Background information
- Origin: South Korea
- Genres: Crossover; pop; classical;
- Years active: 2020–present
- Label: Drama House
- Members: Chaehoon You; Kihun Park; Minseong Jeong; Sunghoon Choi;
- Website: Official Instagram

= La Poem =

South Korean vocal group

La Poem (라포엠) is a South Korean male crossover vocal group, composed of four classically trained singers Chaehoon You, Kihun Park, Minseong Jeong, and Sunghoon Choi. La Poem was formed in July 2020 via a reality audition TV show Phantom Singer Season 3 (Phantom Singer 3), and has been actively performing in various venues (e.g., concerts, TV shows, music festivals, openings of various awards, the opening ceremony of Korean Series, KBO league).

== Formation ==
La Poem is a male crossover quartet originated from a TV show Phantom Singer 3, which was aired on a Korean TV network jtbc from April 10 to July 3, 2020. The TV show auditions male singers who are trained mostly in classical music and musical theaters, and selects three teams of a quartet to compete in the end. Having two rounds of competition, La Poem won by most votes of viewers of the show on July 3, 2020, debuting as a crossover music group. The group's name La Poem came from a combination of the French word "la bohème" and the English word "poem", signifying the group's desire to sing freely poem-like songs that can remain in everyone's heart.

== Members ==
La Poem is composed of four classically trained singers: two tenors, Chaehoon You and Kihun Park; one baritone, Minseong Jeong; and one countertenor, Sunghoon Choi. The two tenors have different vocal types as Chaehoon is considered a leggero tenor and Kihun a spinto tenor. The fact that the countertenor Sunghoon's vocal range is equivalent to that of a female singer adds unique flavors to their singing compared to typical male vocal quartets.

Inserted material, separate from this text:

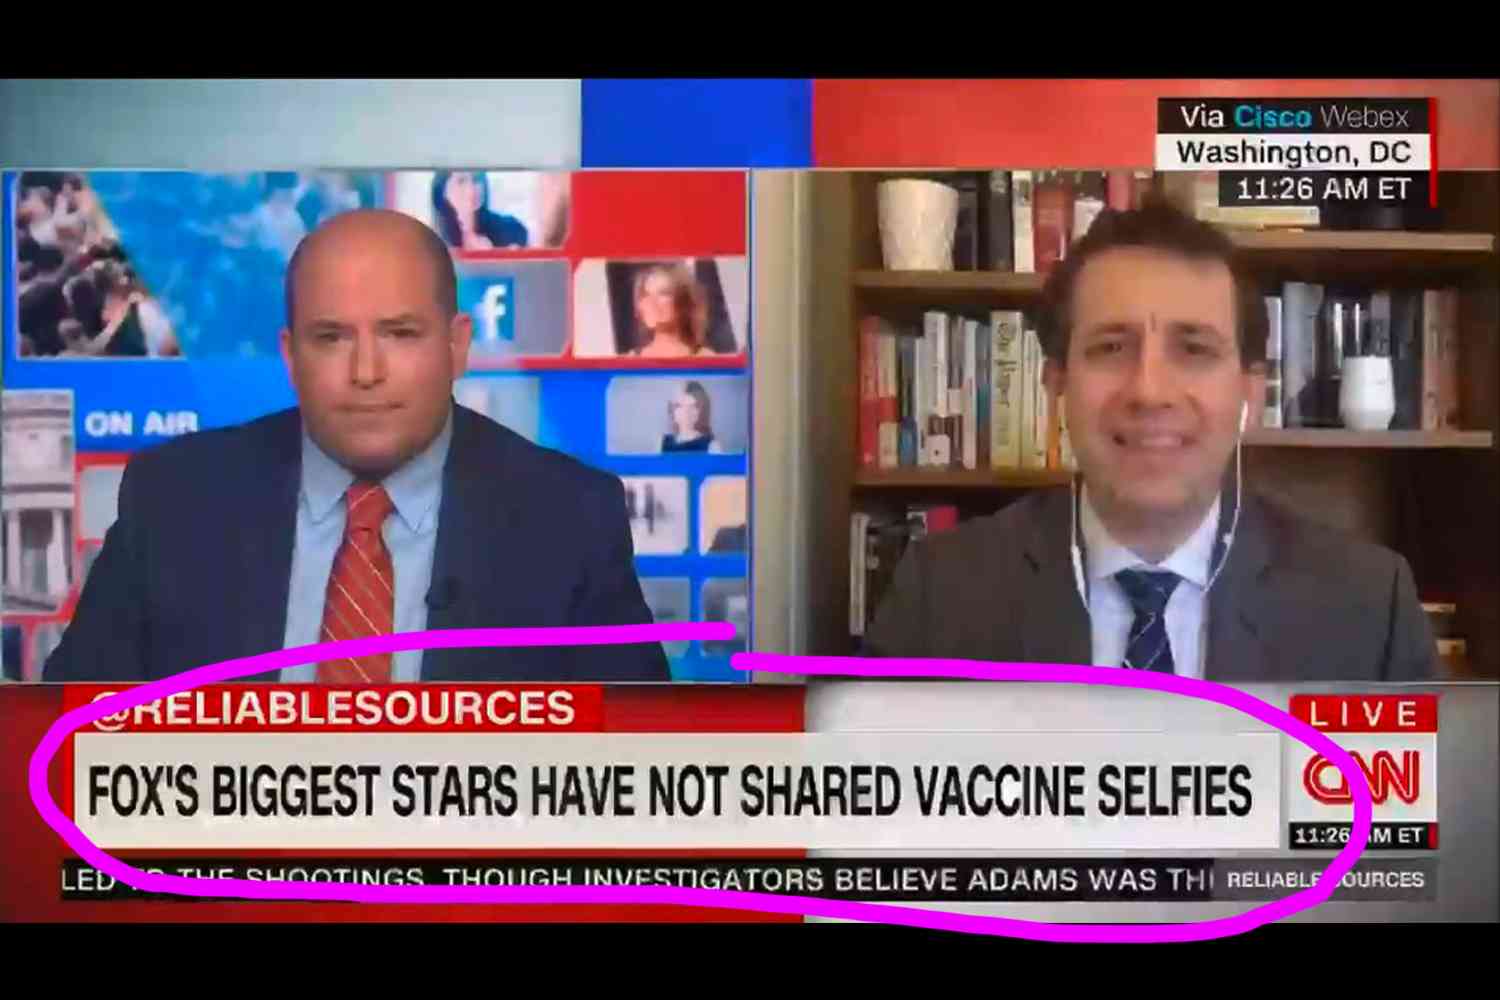 cnn_fox_biggest_stars_vaccine_selfies.jp

Each member studied vocal music in high school and university, sharing similar training backgrounds. The classical backgrounds of the members provide them with extended opportunities to perform operatic songs as well as pop music.

=== Chaehoon You ===
Chaehoon went to Hanyang University in Seoul, Korea, following Pohang High School of Arts located in his hometown Pohang, Korea. He was one of top students at the entry of the university. Yet, he tried hard to make his way out to popular music markets rather than classical music theaters. After graduating from the university, he continued to sing on many stages and joined popera groups Awesome and Ekklesia, but did not make any noticeable marks in the market. Chaehoon You's celebrity status, albeit quite limited, finally took off after he sang Il Mondo at his first appearance on the TV show Phantom Singer 3. He has gained a lot of ardent supporters and fans since then.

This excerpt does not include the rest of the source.